We provide a simple script that can be used to submit a job to CentOS Linux cluster with specifications below:
- LSB Version: :base-4.0-amd64:base-4.0-noarch:core-4.0-amd64:core-4.0-noarch:graphics-4.0-amd64:graphics-4.0-noarch:printing-4.0-amd64:printing-4.0-noarch
- Distributor ID: CentOS
- Description: CentOS release 6.10 (Final)
- Release: 6.10
- Codename: Final
Here, we show one way for running a job on the HPC cluster by setting up a job script. This script will request cluster resources and list, in sequence, the commands that we want to execute.
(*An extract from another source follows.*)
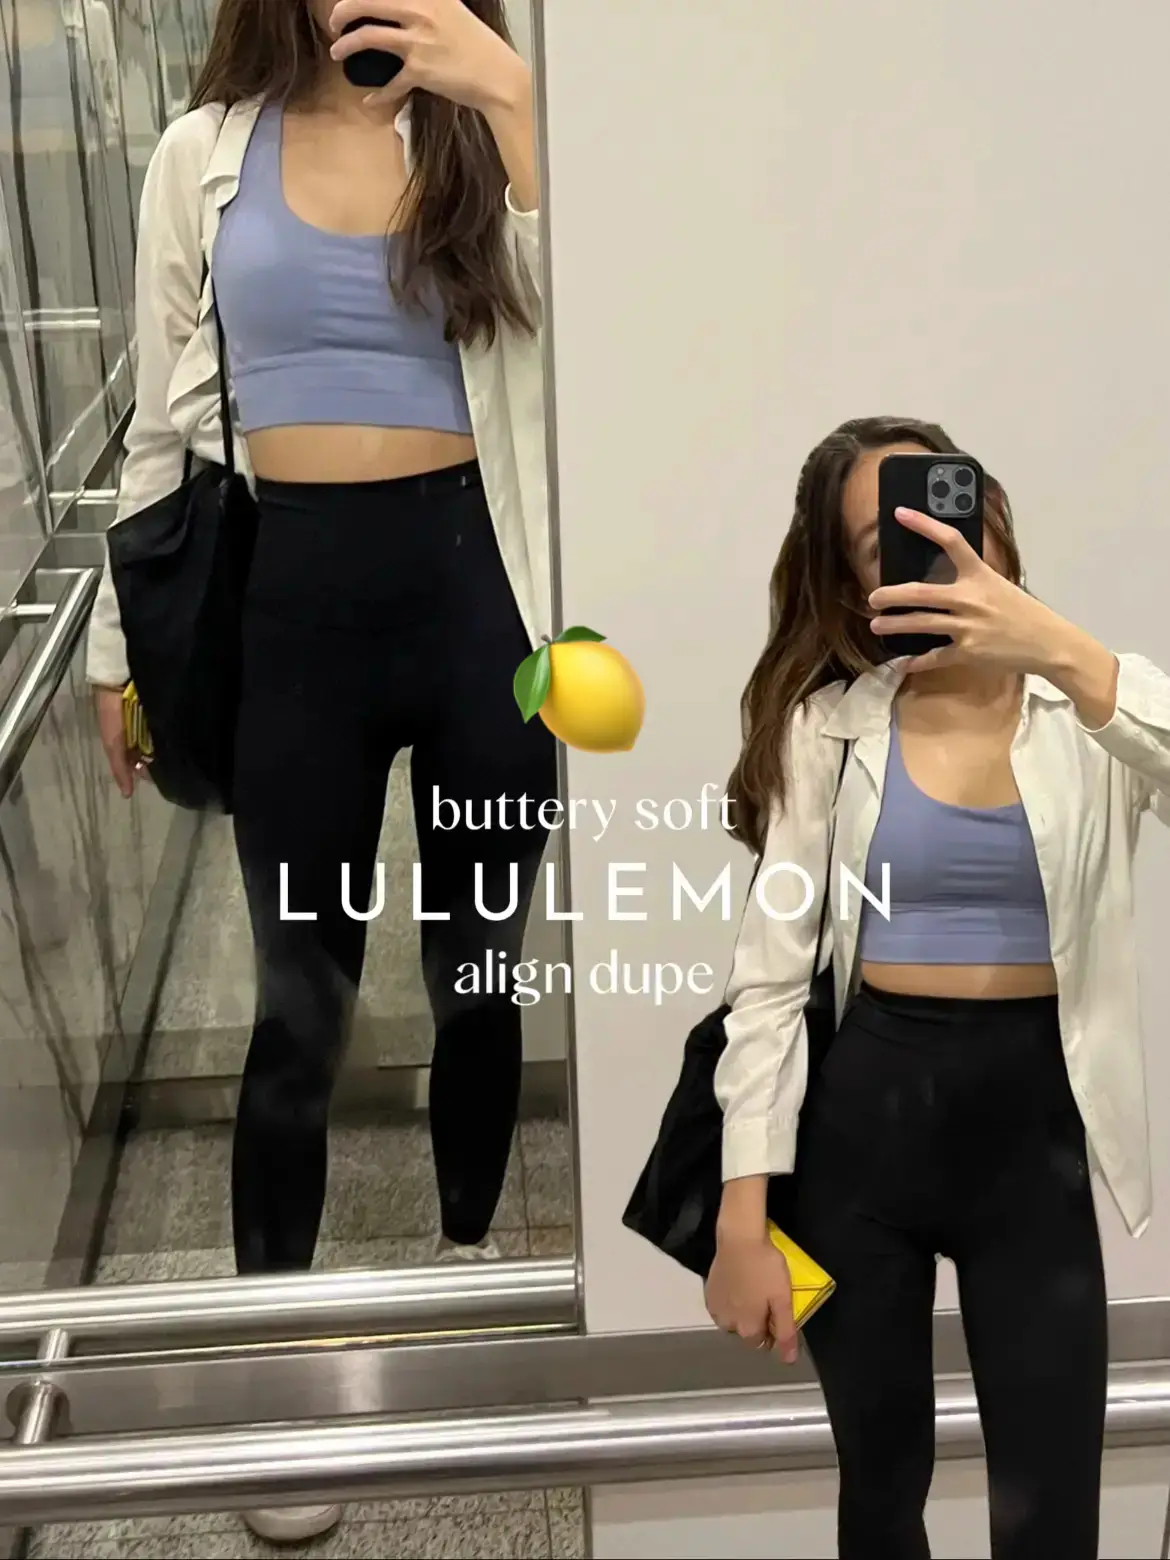 🍋 lululemon align dupe for $28⁉️, Gallery posted by GS 🍓

Let's call our job script "job_script", which is a plain text file that we can edit with a UNIX editor such as vi/vim, nano, or emacs. Therefore, we can create an empty script with vim editor as
- $vim job_script
copy and paste the following contents into it,
- !/bin/sh
- #SBATCH --nodes=3
- #SBATCH --ntasks-per-node=8
- #SBATCH --mem=64000
- #SBATCH --time=01::00
- #If your job requires python, load Python modules here
- source /home/user/setup.sh
- #Commands that you actually want to run go here.
- cd /home/tssfl
- ipython code.py
- #Mail alert at start, end and abortion of execution
- #SBATCH --mail-type=ALL
- #Send mail to this address
- #SBATCH --mail-user=name@tssfl.com
save, and close (Esc, followed by : and then wq or x, hit Enter) the script.
The first four lines above that start with #SBATCH (never uncomment them), respectively, specifies compute nodes, number of tasks per node, memory and time (1 Hour). source /home/user/setup.sh loads modules (in this case Python modules) from another HP cluster user, that's, there is no need to re-install resources in your home directory, you can load them from another user if they are available. We move to the home directory tssfl where we assume the code "code.py" we want to run is placed, and then issue the command ipython code.py. We can also set mail alert at start, end and abortion of execution to monitor the progress of our computations. All these instructions are defined in the script.
Finally, we can run our job by submitting it via Terminal as
- $sbatch job_script
To cancel the job or see it in queue, you can respectively, issue the commands scancel Job_ID, squeue.